··· DATASET CONTENT ···
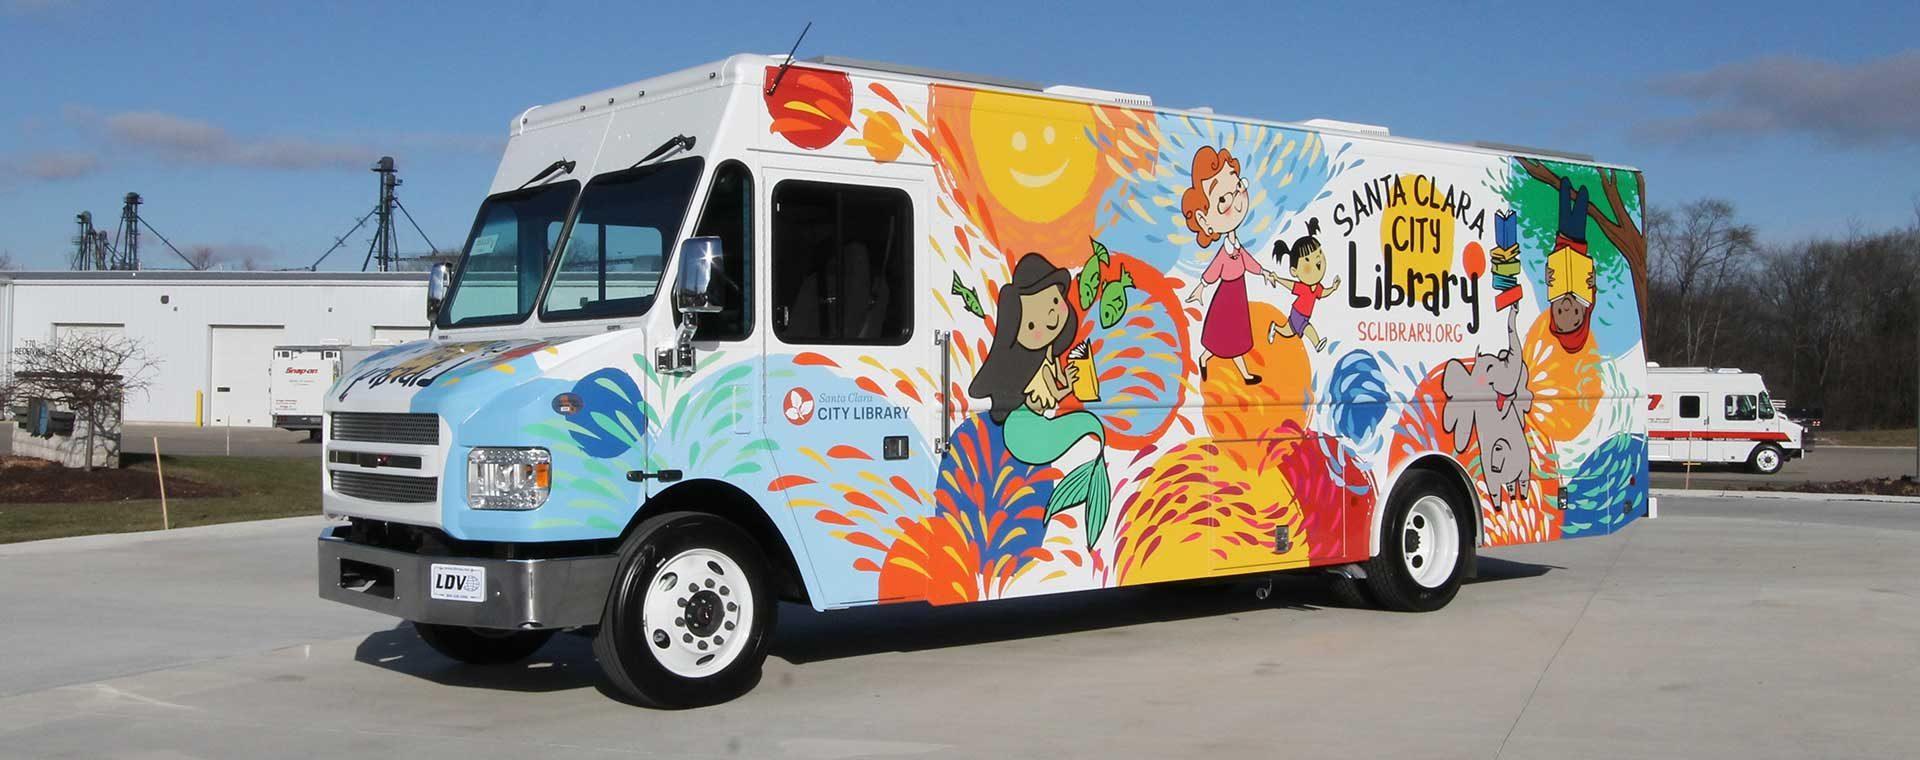 Santa Clara Bookmobile exterior
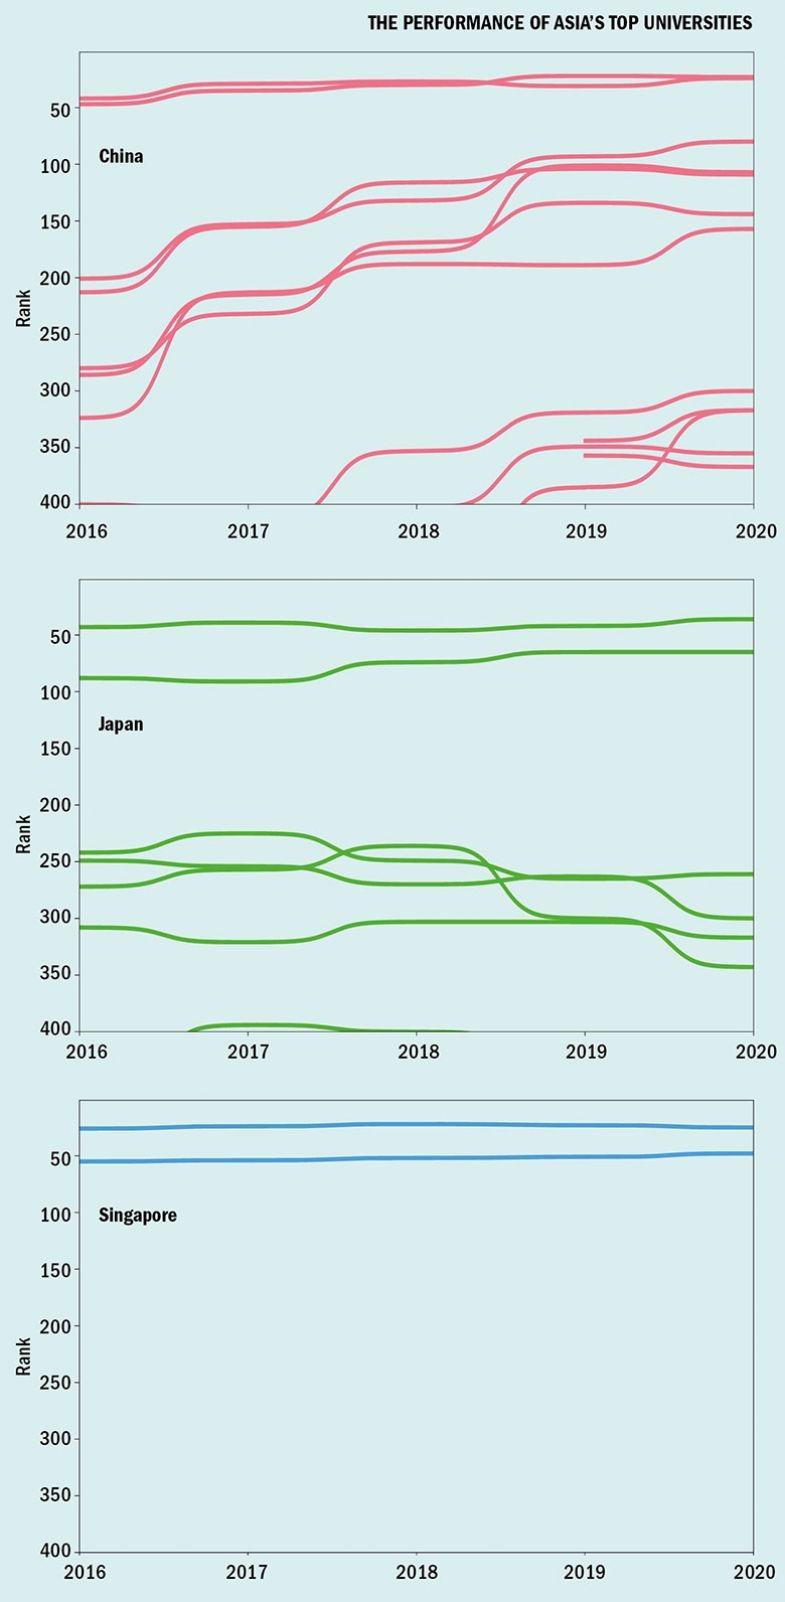 Performance of Asia's top universities
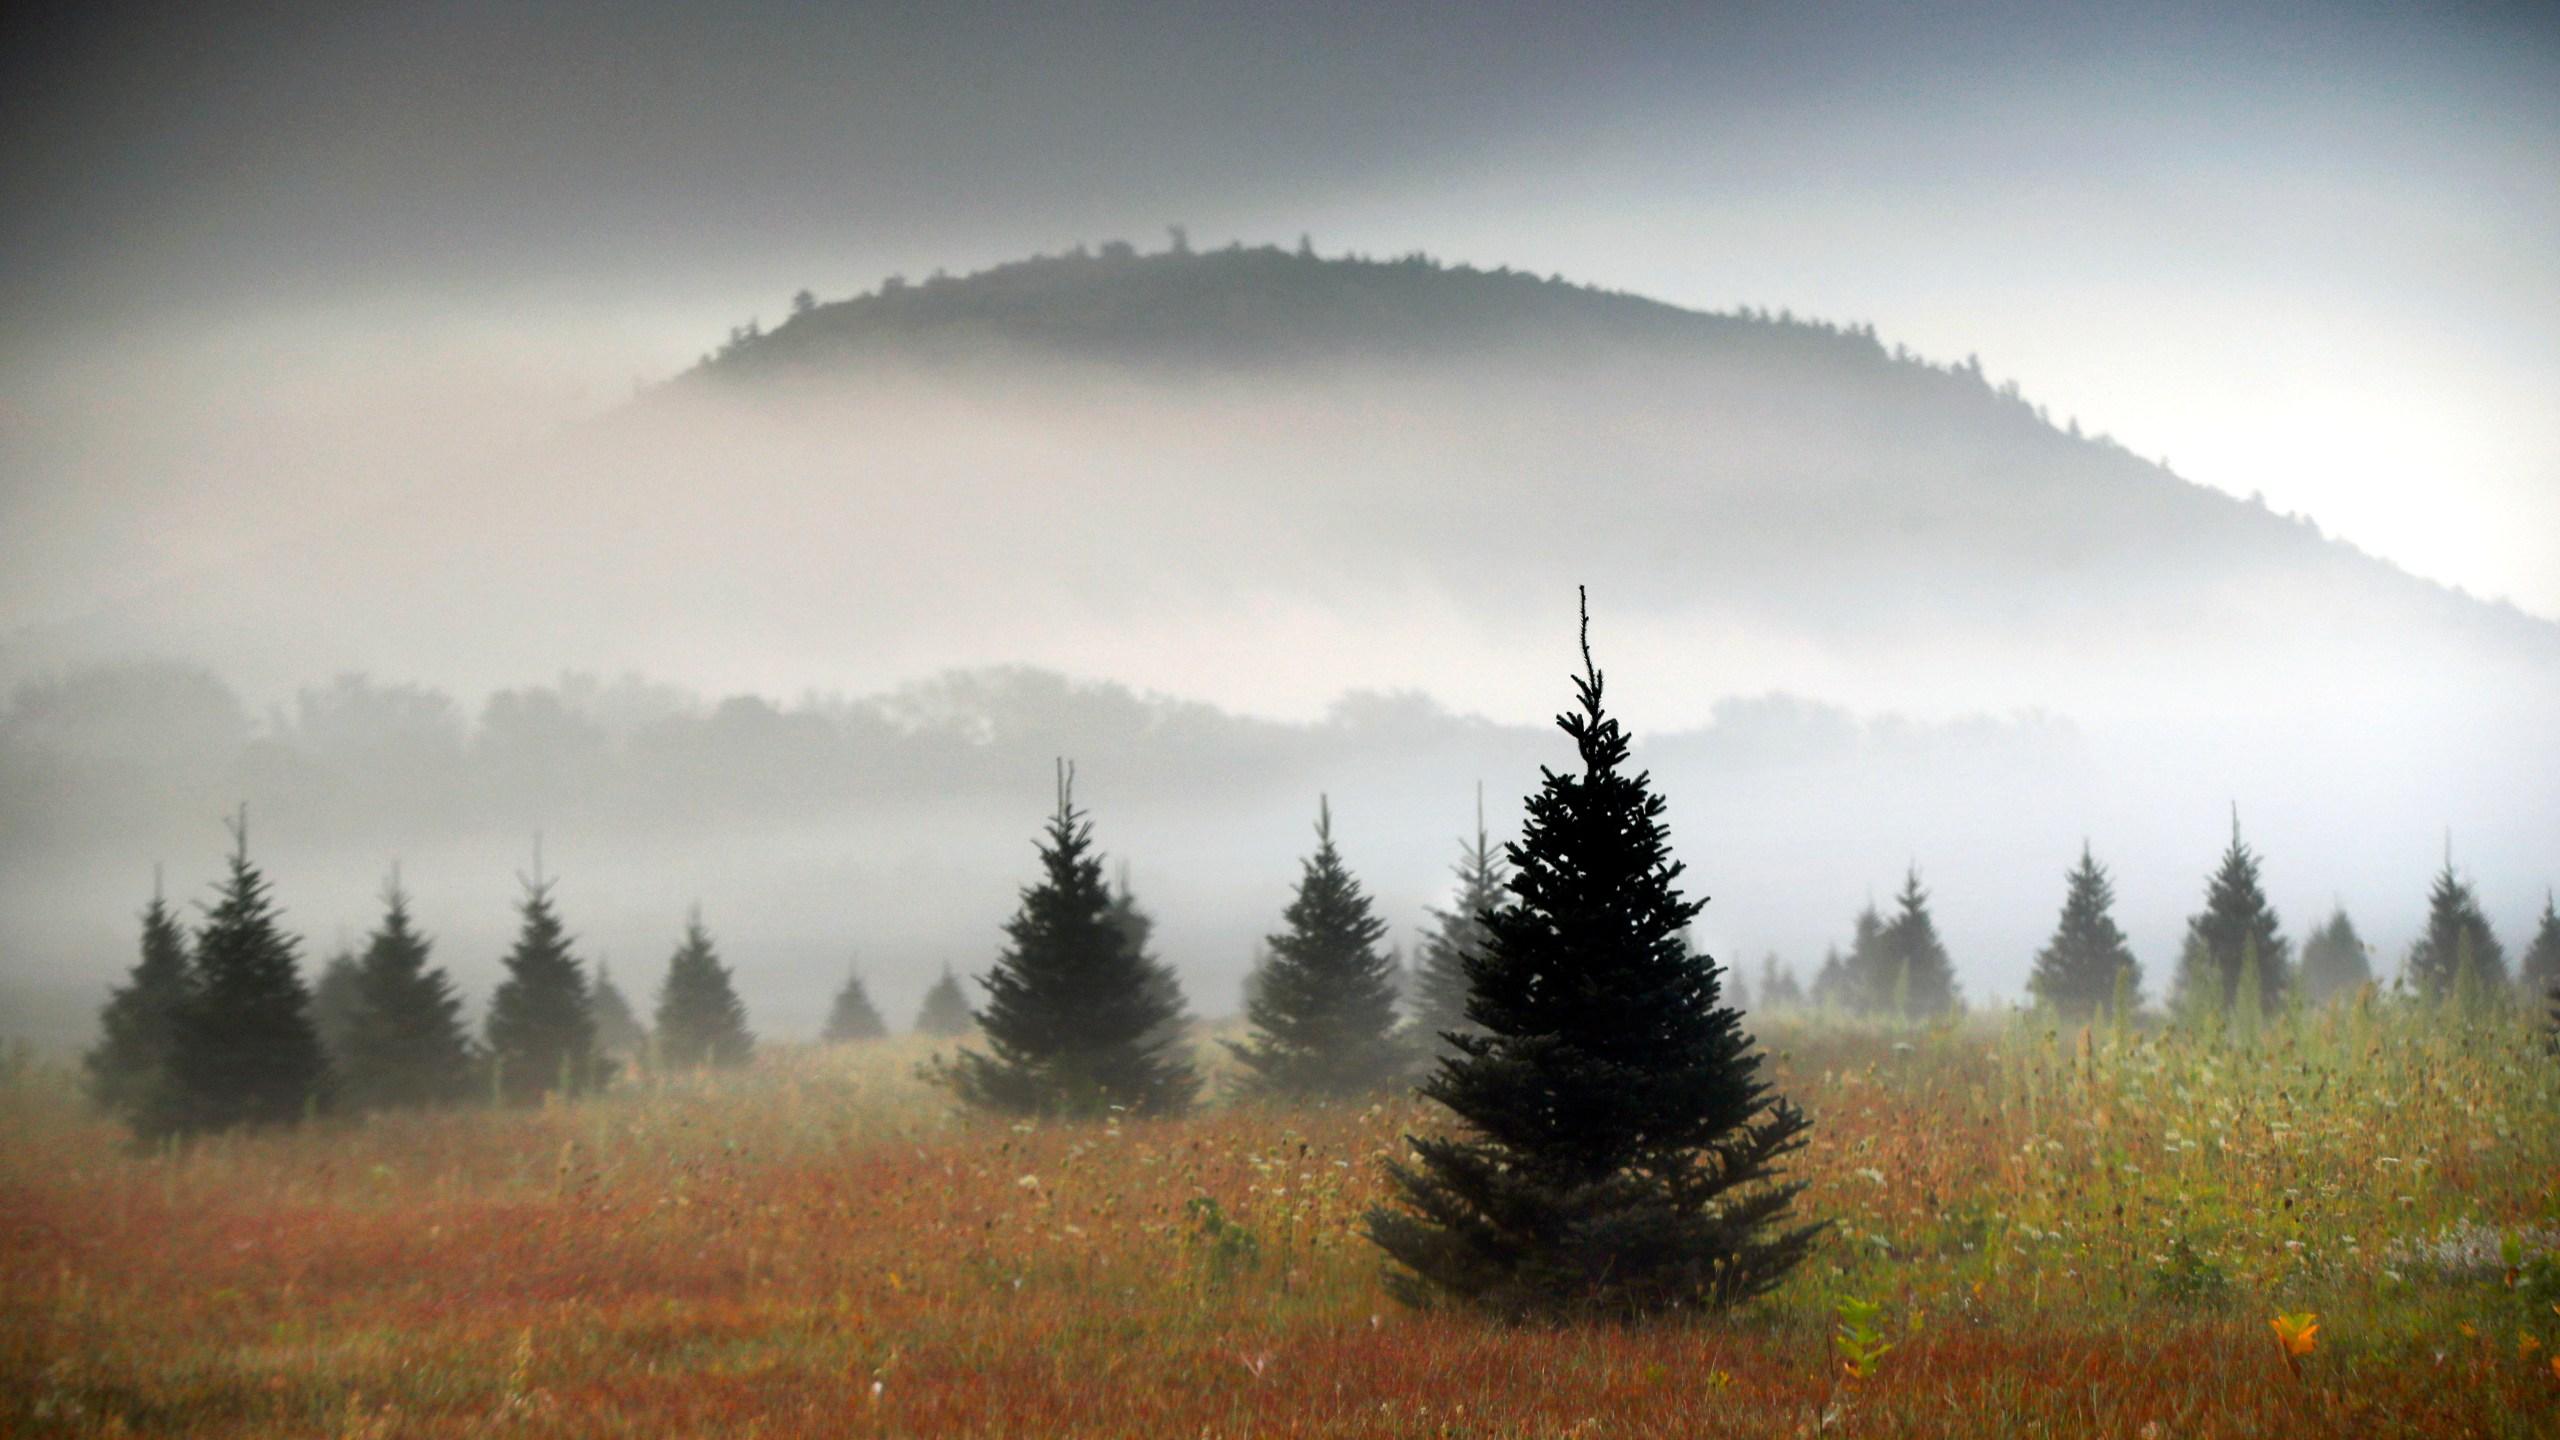 Amazon_Christmas_Trees_83450-159532.jpg15222750
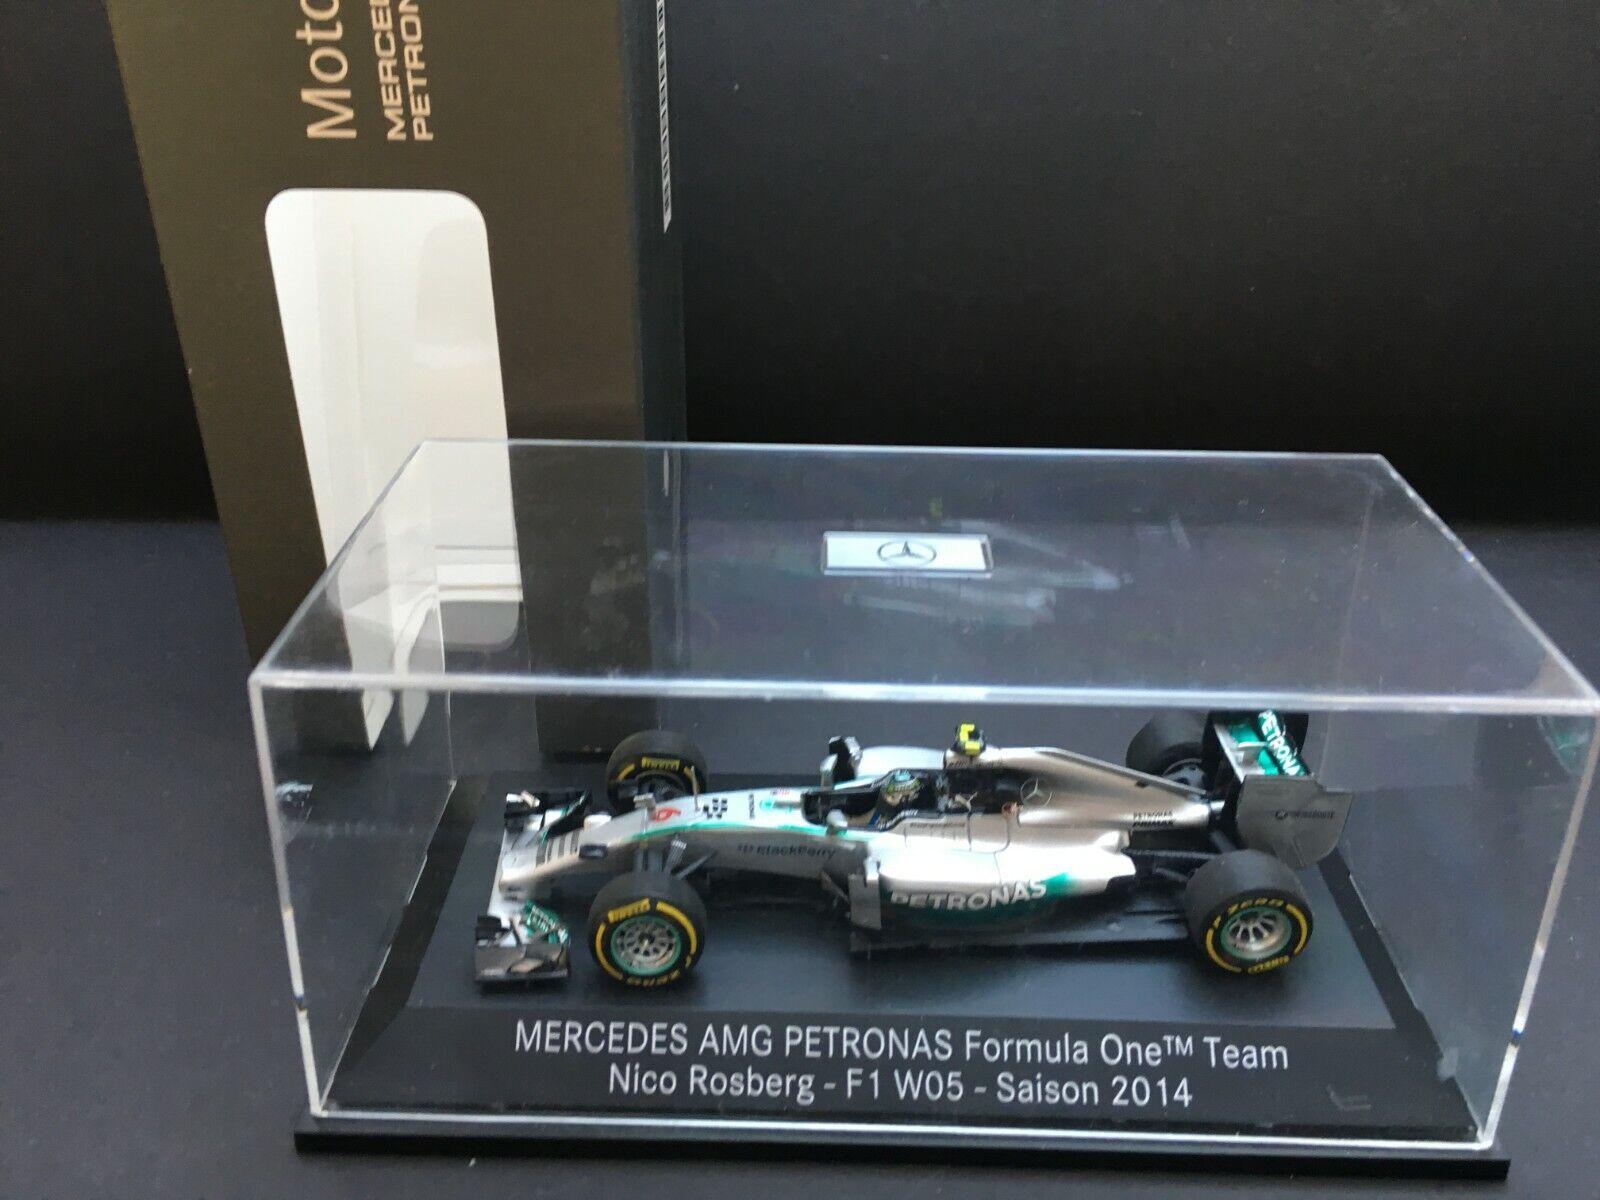 Minichamps - Nico Rosberg - Mercedes Petronas W05 - 2014
···
EXERCISE DETAILS:
Exactly the lines from the one with "Performance of Asia's top universities" through the end of the listing above are to be repeated, with no pictures.

OUTPUT:
 Performance of Asia's top universities
 Amazon_Christmas_Trees_83450-159532.jpg15222750
 Minichamps - Nico Rosberg - Mercedes Petronas W05 - 2014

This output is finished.